31.1.04

Cimbalino Curto #58

Cinemas do Porto




Quem só conhece o Porto de hoje não imagina o que foi o Porto de ontem. Mas basta atentar nos edifícios que ainda agora albergam casas de espectáculos para perceber que houve tempos em que a vida cultural da cidade não estava morta, nem por sombras.

O Teatro São João, construído em 1798, não foi feito para criar galinhas: ali se representavam óperas, bailados e peças de teatro, até aparecer o cinema, altura em que passou a cine-teatro. O Rivoli, antigo “Teatro Nacional”, o Batalha, o Águia d’Ouro, o Sá da Bandeira, o Coliseu dos Recreios (a maior sala de espectáculos do país), o Trindade, cada qual da sua época, não eram propriamente casas de penhores.

Há uma página em construção sobre o assunto.

Em matéria de cinema, pode dizer-se até que o Porto foi pioneiro: já na primeira década do século XX havia projecções regulares no Salão High-Life, que, depois, mudado para a Praça Batalha, veio a chamar-se Cinema Batalha (o famoso cinema do “Vai no Batalha”). E a cidade não se limitou a ver, mas aventurou-se também no fazer. Foi aqui que Aurélio da Paz dos Reis fez os primeiros filmes portugueses. Houve também, muito cedo, os Estúdios Invicta Filmes, ao Carvalhido, e a Caldevilla Film.

Ver também esta página, “Quando o Porto era a capital do cinema”.

Mas isso era no tempo em que havia uma burguesia e uma pequena-burguesia relativamente cultas (Manoel de Oliveira, graças à sua longevidade, é talvez um dos últimos representantes dessa gente), as quais vieram a ser substituídas por figuras como o famoso comendador Avílio Vatateiro e os agora não menos famosos empresários do Norte, que, à falta de melhor, têm estátua abstracta na Avenida da Boavista.

É por isso que o actual espectáculo desolante não representa uma incapacidade congénita das gentes da cidade em ascenderem à civilização, mas mais propriamente o que se poderia chamar uma involução, para não lhe chamar decadência, palavra demasiado pesada para o meu estômago.
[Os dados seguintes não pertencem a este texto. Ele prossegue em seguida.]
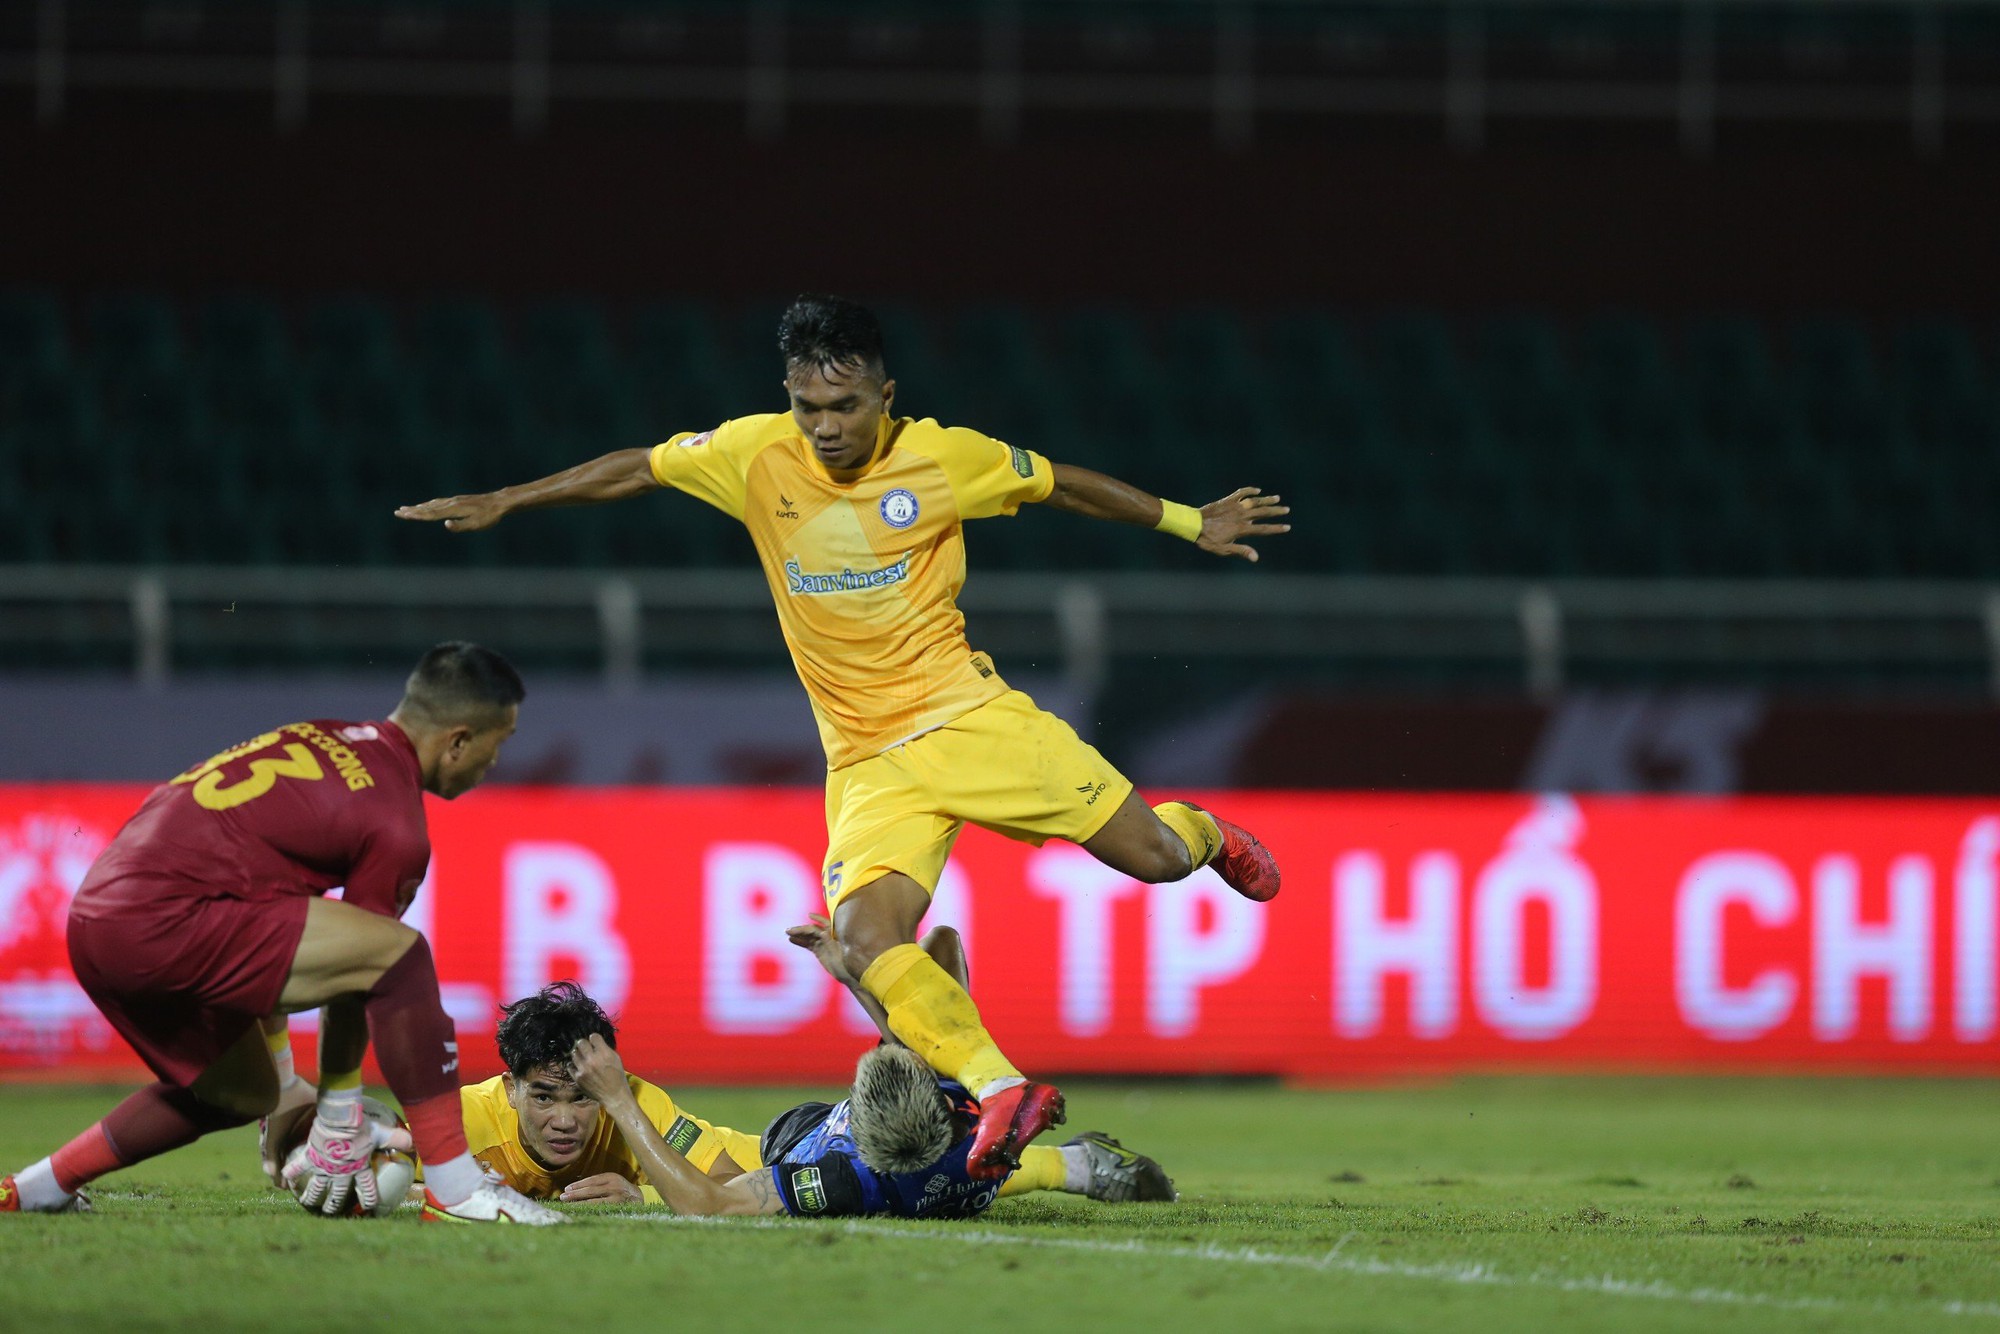 'Bom' được gỡ phút chót, CLB Khánh Hòa không bỏ V-League - Ảnh 1.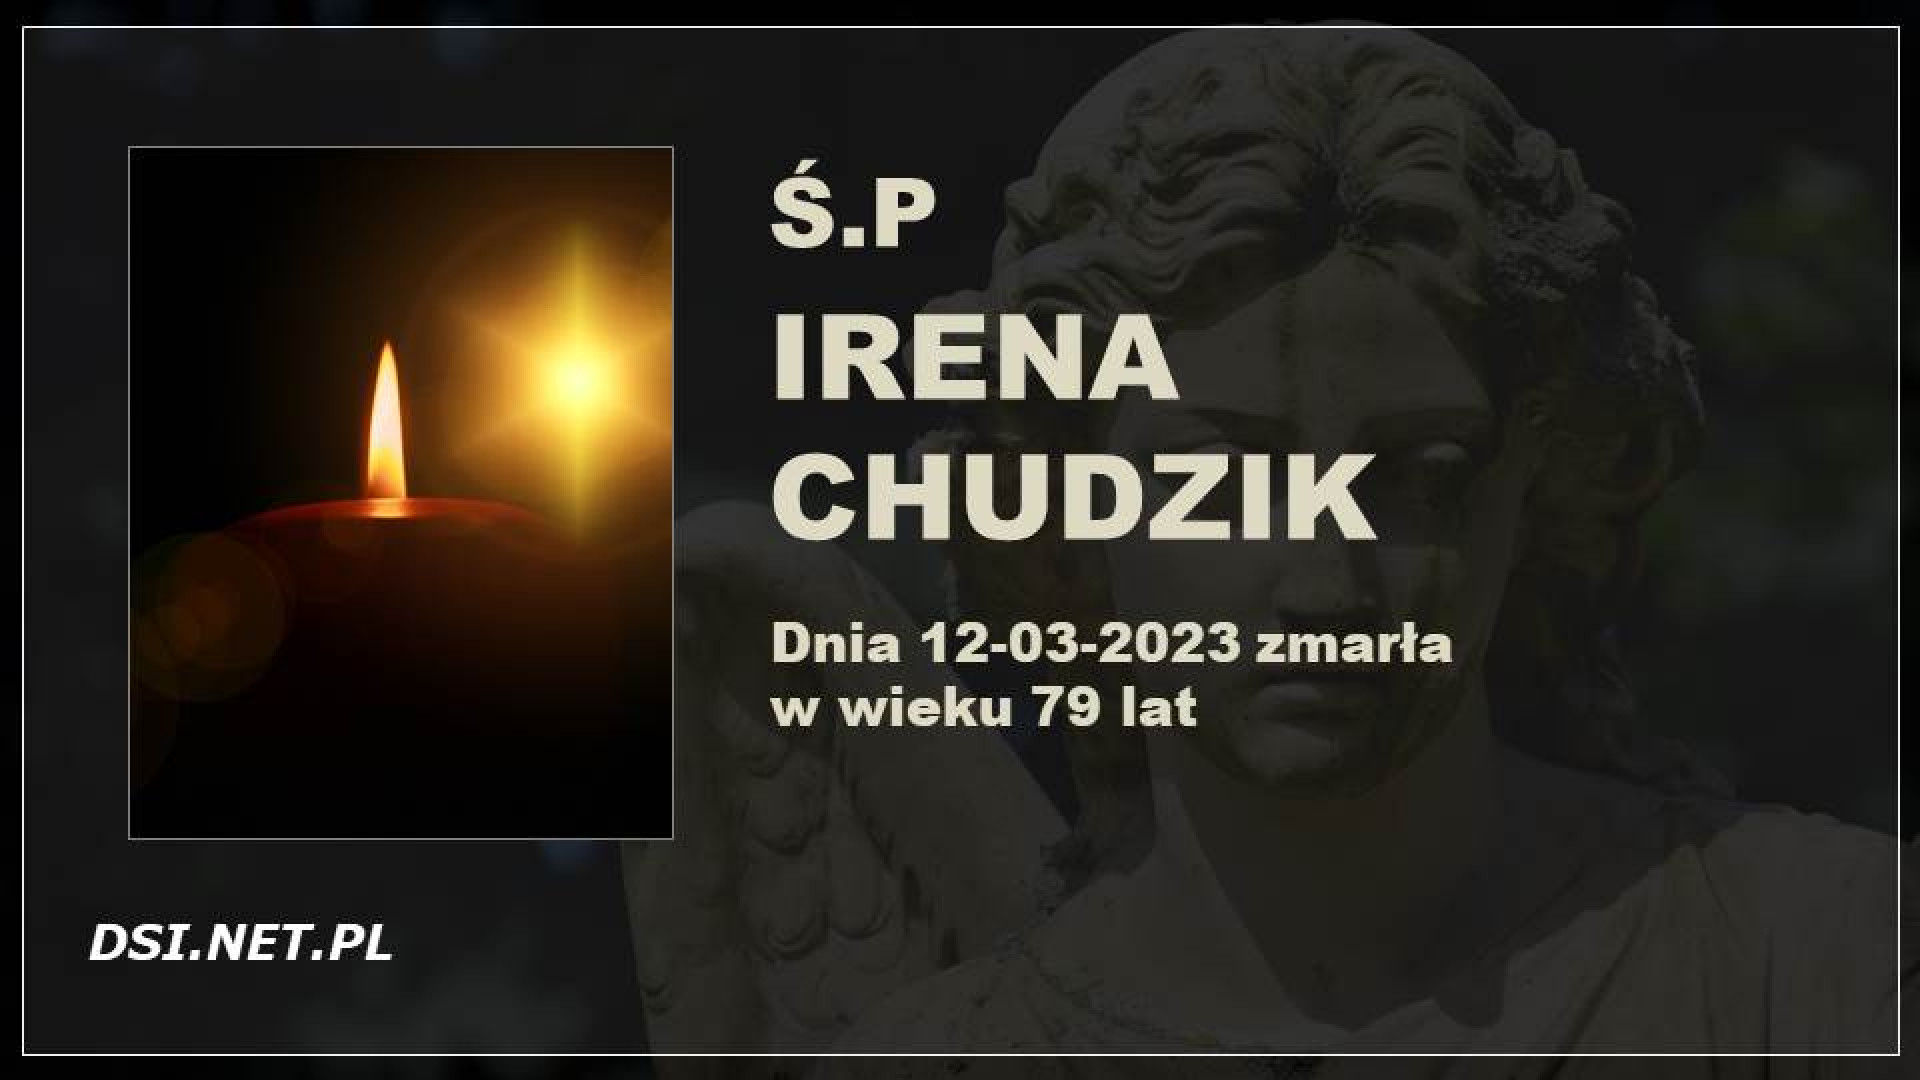 Śp. Irena Chudzik

E essa involução corresponde à modernização da cidade. Cinemas no centro não temos, mas “temos” centros comerciais e a Exponorte. Não temos Aurrélio da Paz dos Reis, mas temos o Manuel Serrão.

É esta involução que deixa na boca das gentes do lugar aquele sabor a roubo histórico, aquele ressentimento que por vezes se vira contra todos os “inimigos exteriores”. Nada de mais corriqueiro.

Já agora, vamos salvar o Águia d’Ouro?